Totally, we believe that this paper has moved the discussion further and provides a good basis for scholars to advance knowledge on drivers and barriers for open innovation in the moderately innovator country.

Conclusions

The paper attempts to answer the demand of van de Vrande et al. [2009] and more recently Salter et al. [2014] to study motives and challenges related to open innovation in a detailed manner using quantitative research methods. The literature review reveals that various drivers as well as barriers for open innovation can be identified.
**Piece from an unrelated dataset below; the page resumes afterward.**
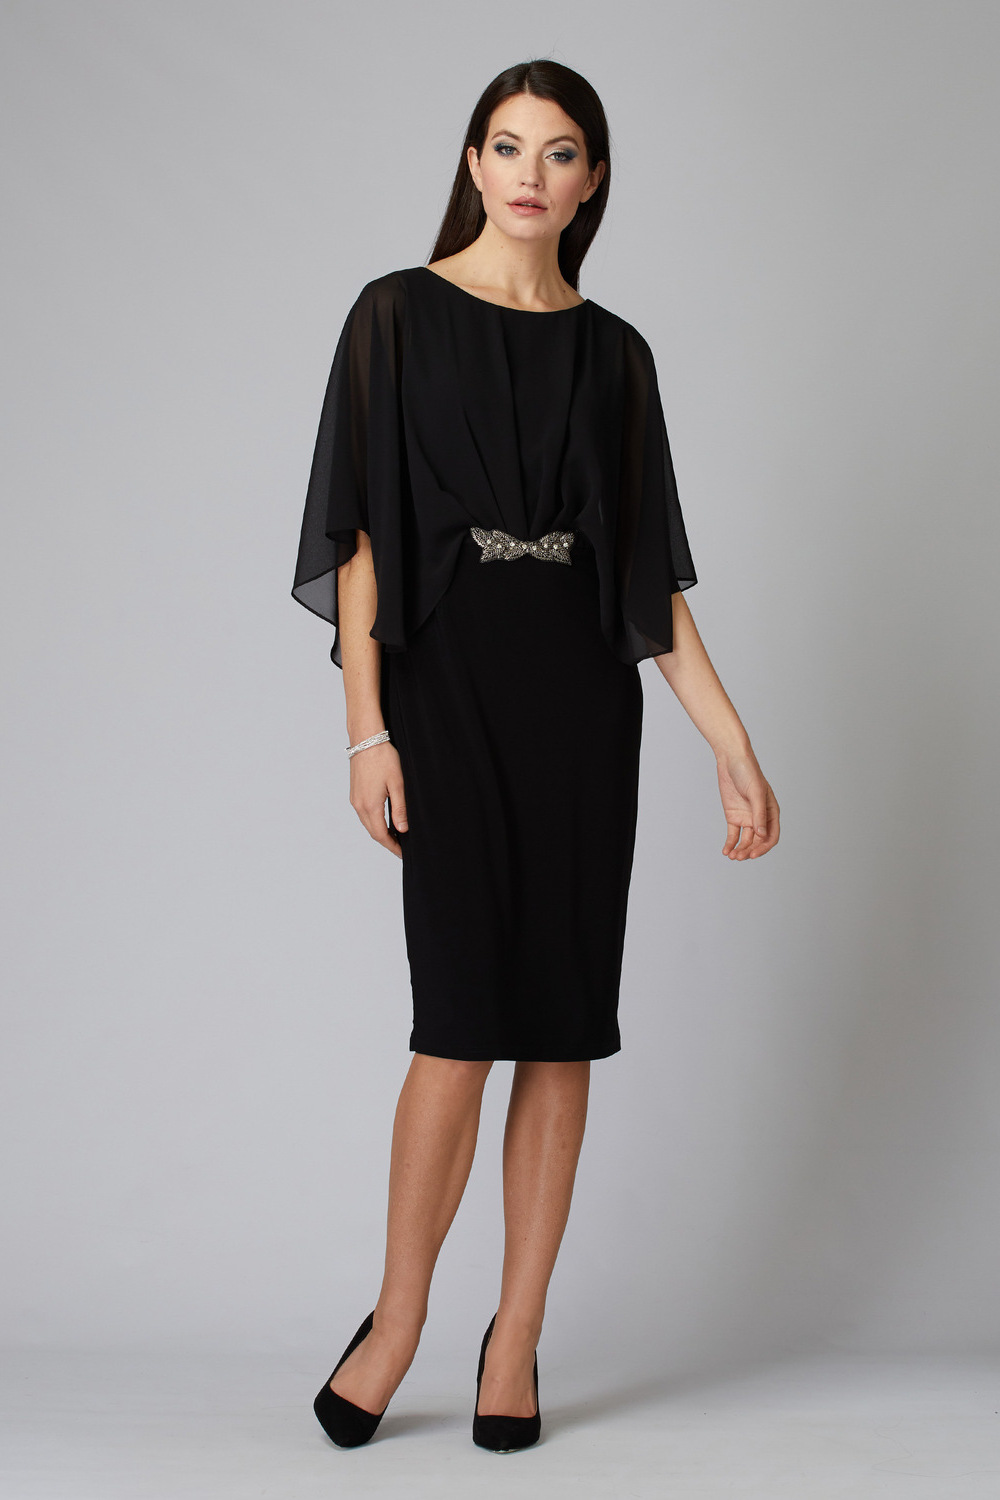 Joseph Ribkoff Dress Style 194208 . Black

Drivers can be divided into internal and external factors, wherein the former one can be further divided into market-driven motives and drivers related to innovation processes. Barriers can be divided into internal and external factors. The study shows that internal drivers and barriers are more important than external ones for innovative firms in Poland. Firms engage in open innovation mainly due to market-driven motives and the main barriers are related to legal and financial constraints. The literature also suggests that different industries may adopt open innovation for different reasons and there may be differences in barriers for open innovation. Our study does not support this conclusion as for most of drivers and barriers we did not find statistically significant differences between high-tech and non-high-tech industries. The statistically significant difference was accounted only for the one driver and one barrier, respectively: increasing revenues from innovation and a lack of aim alignment; selected driver and barrier were pointed more often by respondents from non-high-tech than high-tech industries.

Although the research has reached its aims, there are some unavoidable limitations. First, conducted research referred only to open innovation in Poland, and thus the generalizability of results to other countries cannot be done as national idiosyncrasies may influence open innovation [Keupp and Gassmann, 2009; Galia et al., 2012; Garriga et al., 2013; Klimas, 2015; Pervan et al., 2015]. Therefore, more cross-national research on open innovation would be desirable. Second, the study compares only high-tech and non-high-tech industries, while it may be interesting to explore differences between manufacturing and services industries as well, especially that manufacturing industries should explored more widely than the service industries [Hossain, 2016; Chesbrough, 2020]. Third, the list of drivers and barriers is probably not complete as the other factors proposed by past studies were not included in the survey. The fourth point is that there are statistical and data limitations. Although our sample is extensive (it ensures the statistical significance of results at the level 0.05), there is a chance that number of micro firms is not sufficient, especially that they are considered as a source of breakthrough innovations. Comparing start-ups to older established SMEs may be also interesting, especially that the most recent study of Gimenez-Fernandez et al. [2020] found that external knowledge sourcing makes a higher contribution to the innovation performance of new compared to older small firms, but only in high-tech settings. Thus, future studies should also include and start-ups at different phases in the life cycle. In addition, our data are subjective in nature as we asked opinions from single representative of a firm. So, in future research data should be obtained from different respondents from a firm.